S2, transferring the oat bran culture solution into a 50L fermentation tank, wherein the liquid loading amount is 35L, then adding the Schizophyllum commune strain subjected to three-stage culture in an inoculum size of 10%, fermenting for 3d under the conditions that the temperature is 28 ℃, the ventilation volume is 1.50vvm and the rotating speed is 400r/min, and the pH is natural to obtain Schizophyllum commune polysaccharide fermentation liquid;
the three-stage culture comprises the following steps:
b1, tube bevel: adopting agar to fix a culture medium, inoculating ampoule bottle strains, and culturing at 28 ℃ for 7 days until the ampoule bottle strains are full of tubes;
b2, primary culture: taking two-ring hyphae from a slant test tube by using an inoculating ring, transferring the two-ring hyphae into a first-class seed bottle with the liquid loading capacity of 100mL, and culturing for 3d at 28 ℃ at 170 r/min;
b3, secondary culture: transferring the first-stage seed culture solution to a second-stage seed culture bottle with the inoculation amount of 10%, and culturing at 28 deg.C and 170r/min for 3d to obtain third-stage cultured Schizophyllum commune strain.
S3, filtering the schizophyllum commune polysaccharide fermentation liquor by using a plate-and-frame filter press to obtain a schizophyllum commune fermentation extracellular product, wherein the product contains components such as pigments, saccharides, polypeptides, amino acids and the like, then carrying out microfiltration circulating water washing on the schizophyllum commune fermentation extracellular product by using a ceramic membrane with the pore diameter of 0.5 mu m, wherein small molecular impurities such as pigments, polypeptides, amino acids and the like can flow out along with pure water in the microfiltration process to achieve the effect of impurity removal, and finally concentrating to 1/3 of the initial volume to obtain a clear and bright active fermentation product.
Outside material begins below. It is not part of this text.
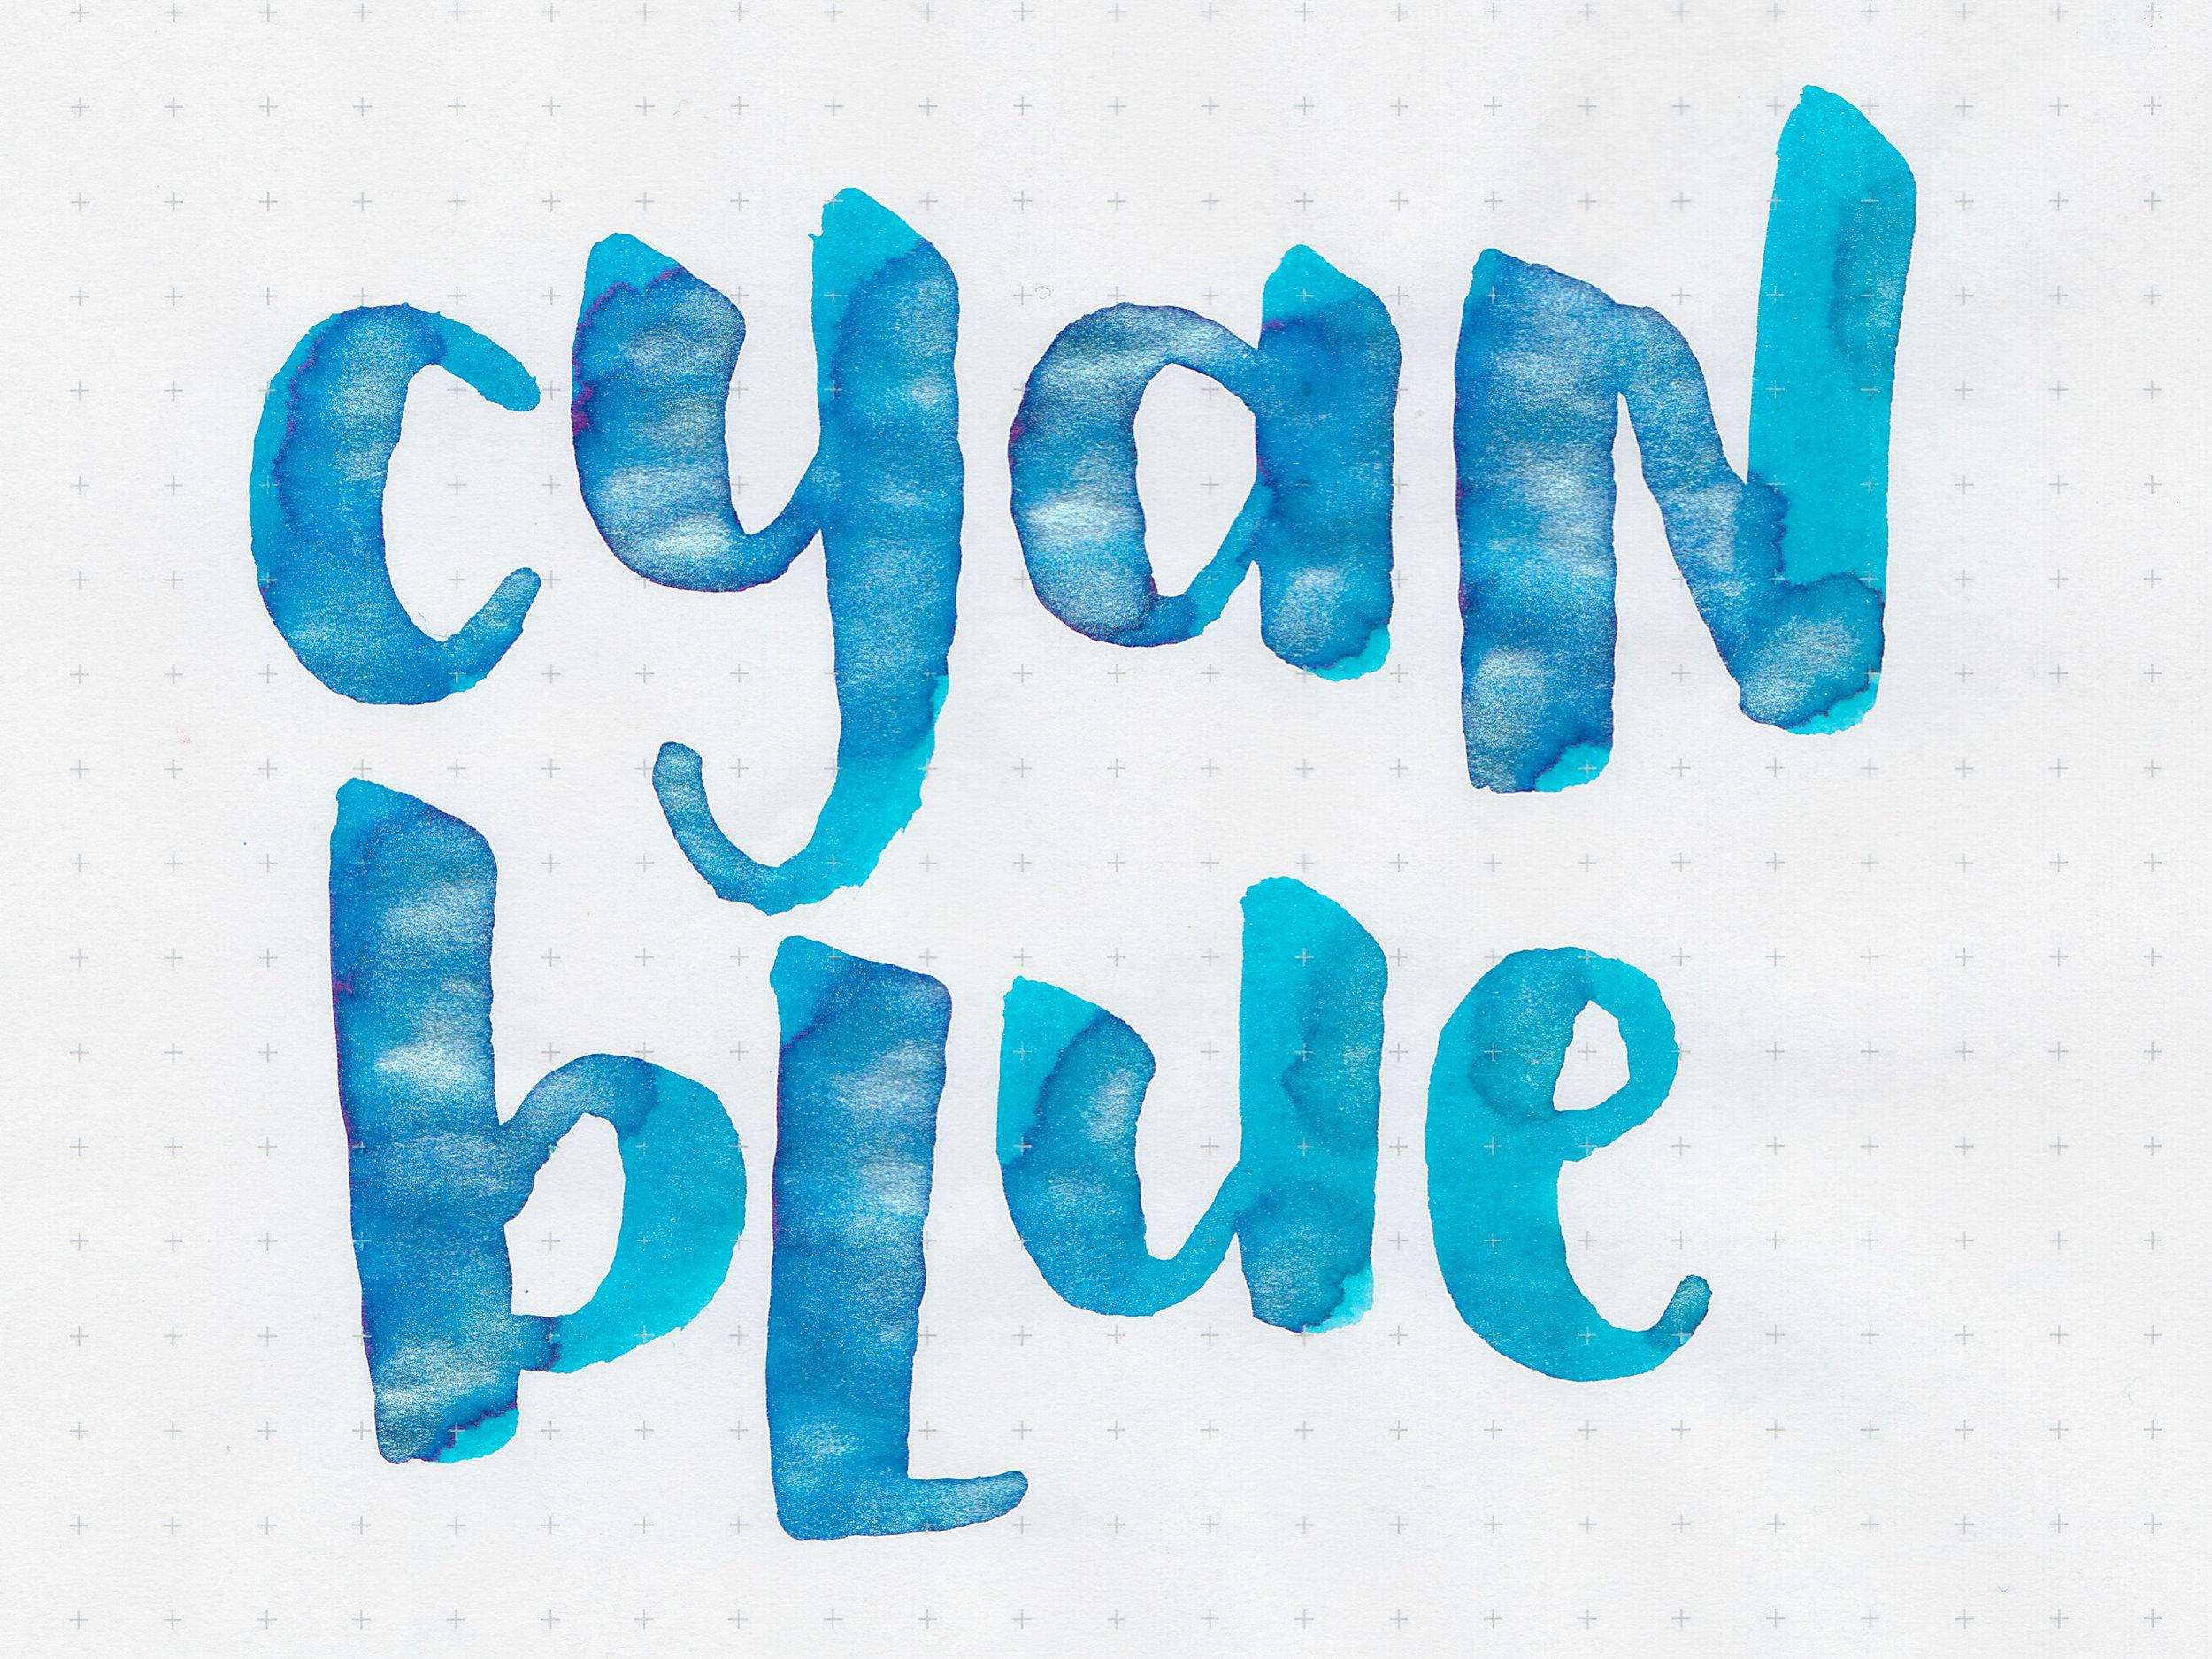 da-cyan-blue-5.jpg

Wherein the Schizophyllum commune fermentation extracellular product is mixed with pure water according to the volume ratio of 1:5, and the microfiltration speed is 5L/min.
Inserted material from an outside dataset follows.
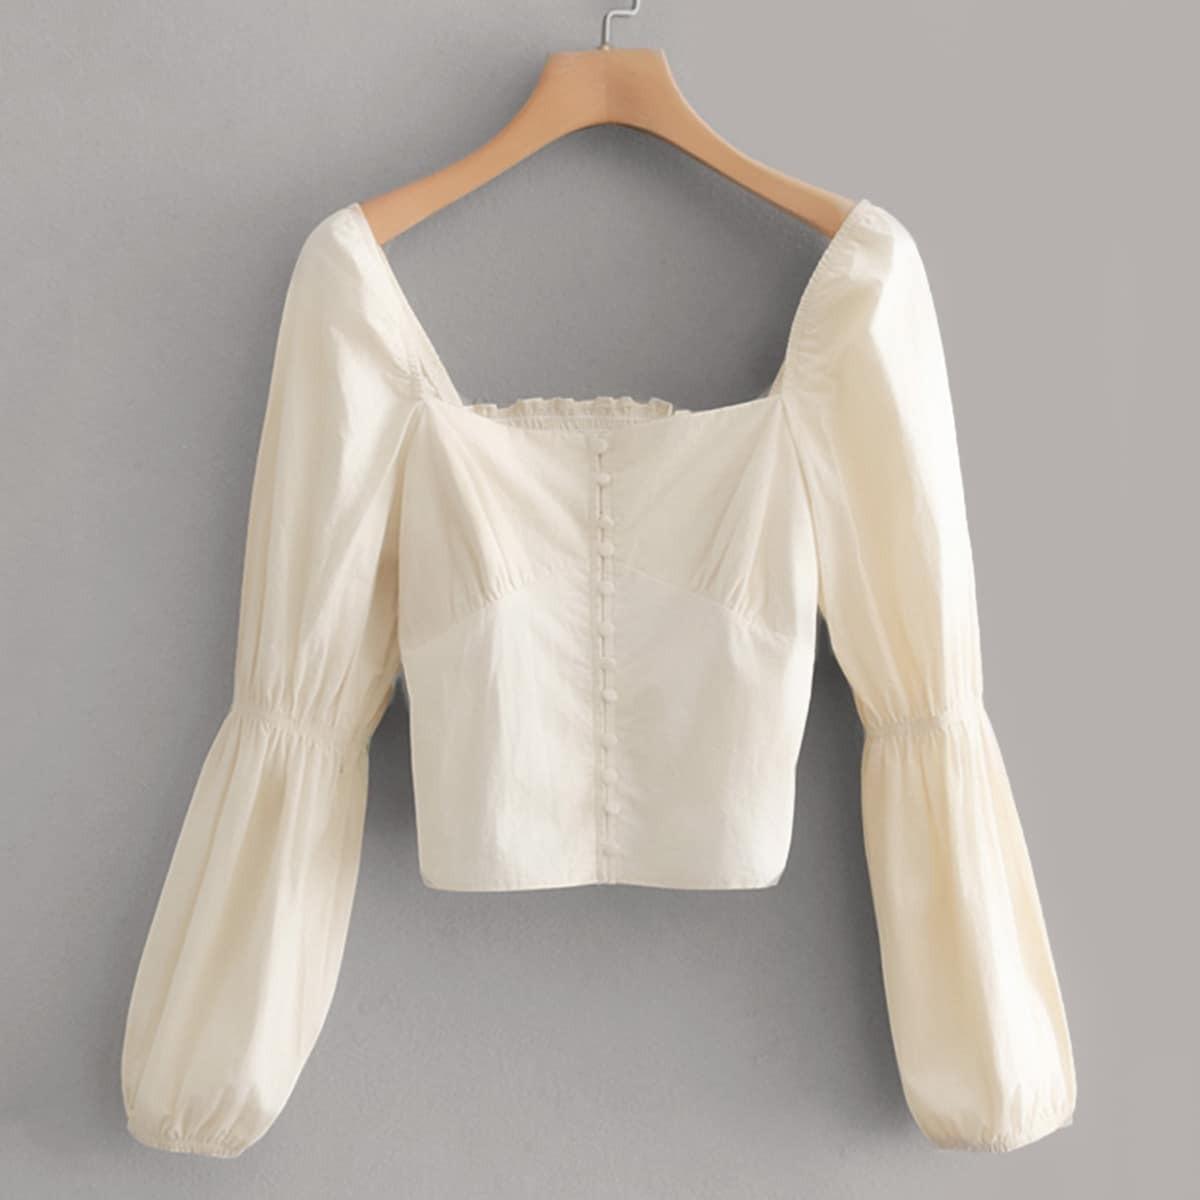 Нарядная Белая Блуза С Глубоким Вырезом И Гофрированным Рукавом SheIn swblouse02190321001

Example 3 active fermentates of the invention and methods of making the same
S1, mixing oat bran and water according to a feed-liquid ratio of 1:15(W/V, g/mL), then sequentially performing enzyme treatment by using protease, saccharifying enzyme and amylase, and sterilizing after the enzyme treatment to obtain an oat bran culture solution;
the steps of the enzyme treatment are as follows:
a1, protease treatment: adjusting the pH value to 6-7, then adding papain with the weight being 3% of that of the oat bran culture solution, and carrying out water bath at 60 ℃ for 100 min;
a2, saccharifying enzyme treatment: adjusting the pH value to 4.0-4.5, adding saccharifying enzyme accounting for 2% of the weight of the oat bran culture solution, and carrying out water bath at 60 ℃ for 2.5 h;
a3, amylase treatment: adding alpha-amylase (lyophilized powder of alpha-amylase, 10 wt%) 3 wt% of oat bran culture solution, and water bath at 75 deg.C for 30 min.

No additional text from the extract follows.